Interpretive Summary: In addition to photosynthetic electron transport, a respiratory electron flow called chlororespiration occurs in the chloroplasts, which can be monitored by a transient rise in chlorophyll fluorescence after a light-to-dark transition. This process is dependent on the activity of a chloroplast membrane complex (NDH). In this study, we characterized an Arabidopsis thaliana mutant named pifi, which lacks a soluble stromal protein and the NDH-dependent chlorophyll fluorescence increase after a light-to-dark transition but possesses an intact NDH complex. The pifi mutant grows normally under low-light conditions but exhibits a greater sensitivity to photoinhibition and long-term mild heat stress than wild type plants. We conclude that PIFI is a novel component essential for chlororespiration and is likely to be involved in the NDH-mediated cyclic electron transport pathway in higher plants. This information will benefit scientists in better understanding the roles of chlororespiration and cyclic electron transport in plant metabolism.
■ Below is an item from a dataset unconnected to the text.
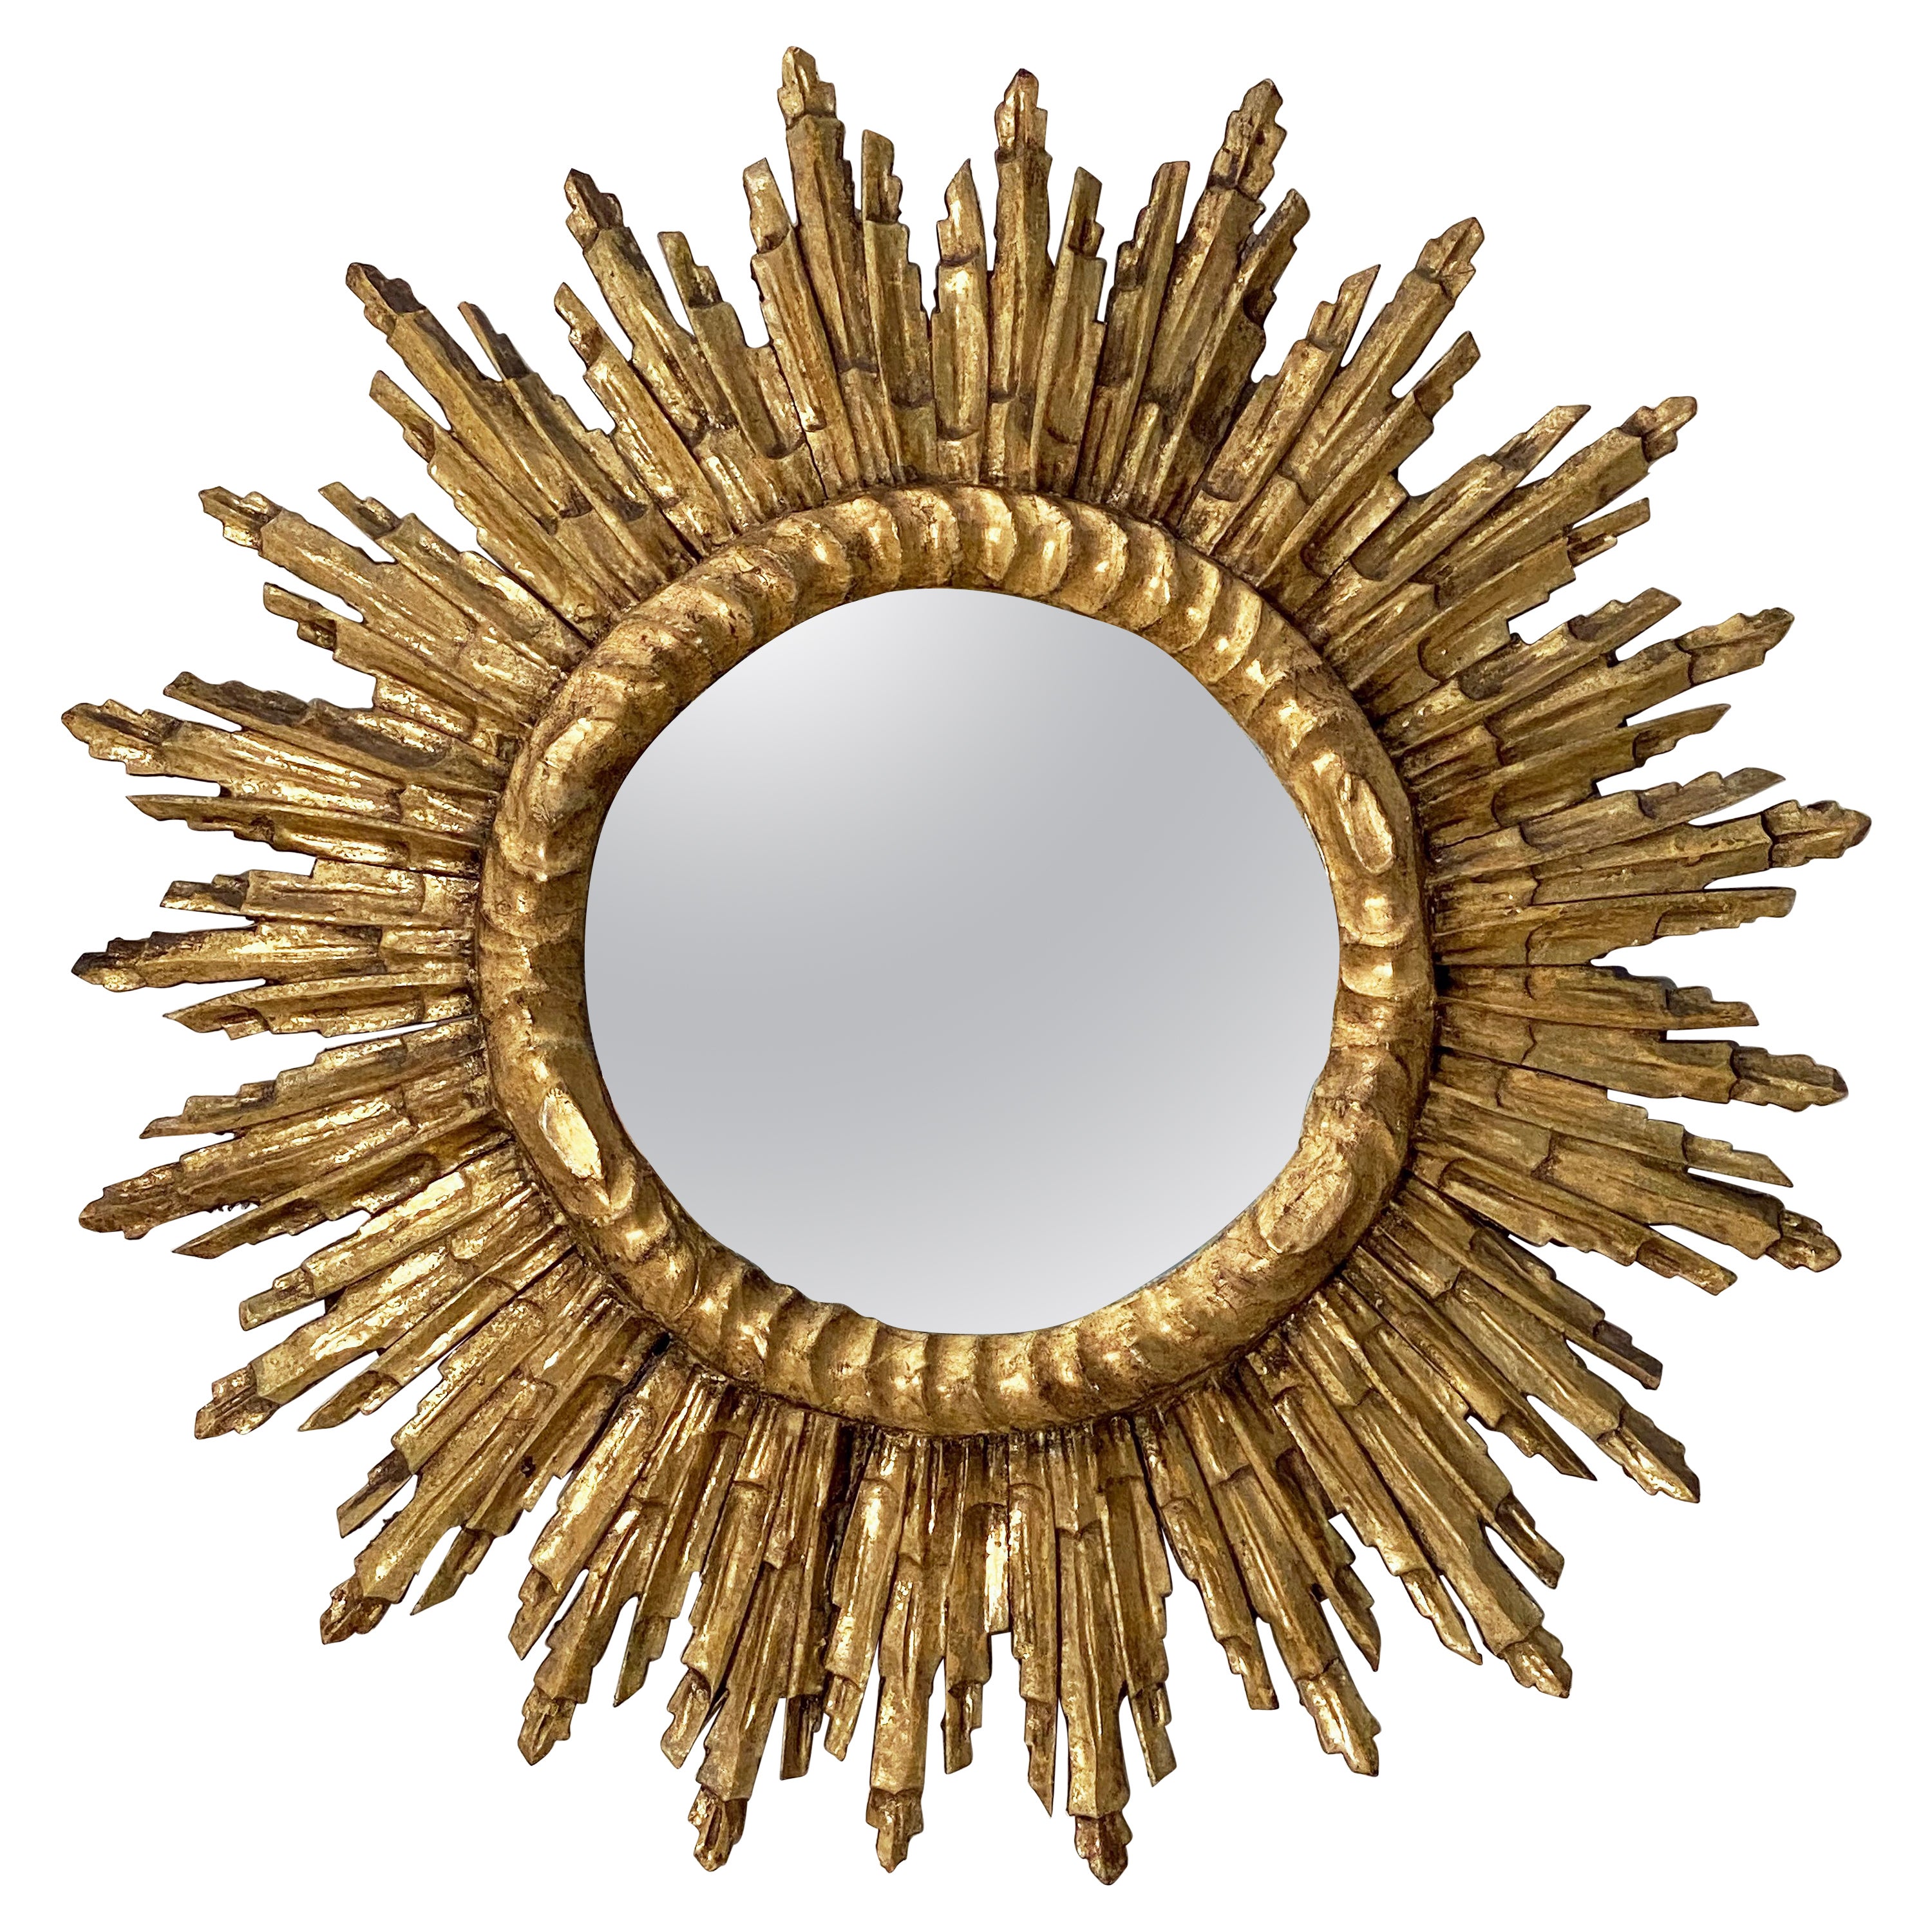 French Gilt Sunburst or Starburst Mirror (Diameter 27 1/2)

Technical Abstract: A transient rise in chlorophyll fluorescence after a light-to-dark transition reflects non-photochemical reduction of the plastoquinone pool. This process is dependent on the activity of the chloroplast NAD(P)H-dehydrogease complex (NDH) which mediates electron flow from stromal reductants to the plastoquinone pool. In this study, we characterized an Arabidopsis thaliana T-DNA insertion mutant pifi (post-illumination chlorophyll fluorescence increase), which lacks the NDH-dependent chlorophyll fluorescence increase after a light-to-dark transition but possesses an intact NDH complex. The nuclear gene PIFI (At3g15840) containing the T-DNA insertion encodes a chloroplast-targeted protein localized in the stroma and is annotated as a protein of unknown function. The pifi mutant exhibited a lower capacity for thermal dissipation (NPQ) but similar PSII quantum efficiencies ( PSII) and a slight reduction in levels of the primary electron acceptor of PSII (1-qP) as compared with the wild type. The pifi mutant grows normally under low-light conditions but exhibits a greater sensitivity to photoinhibition and long-term mild heat stress than wild type plants, suggesting that PSI cyclic electron flow could be impaired. Impaired PSI cyclic electron flow was also indicated by a lower oxidation level of the photosystem I reaction center in the pifi mutant than wild type. We conclude that PIFI is a novel component essential for NDH-mediated non-photochemical reduction of the plastoquinone pool in chlororespiration and is likely to be involved in the NDH-mediated cyclic electron transport pathway in higher plants.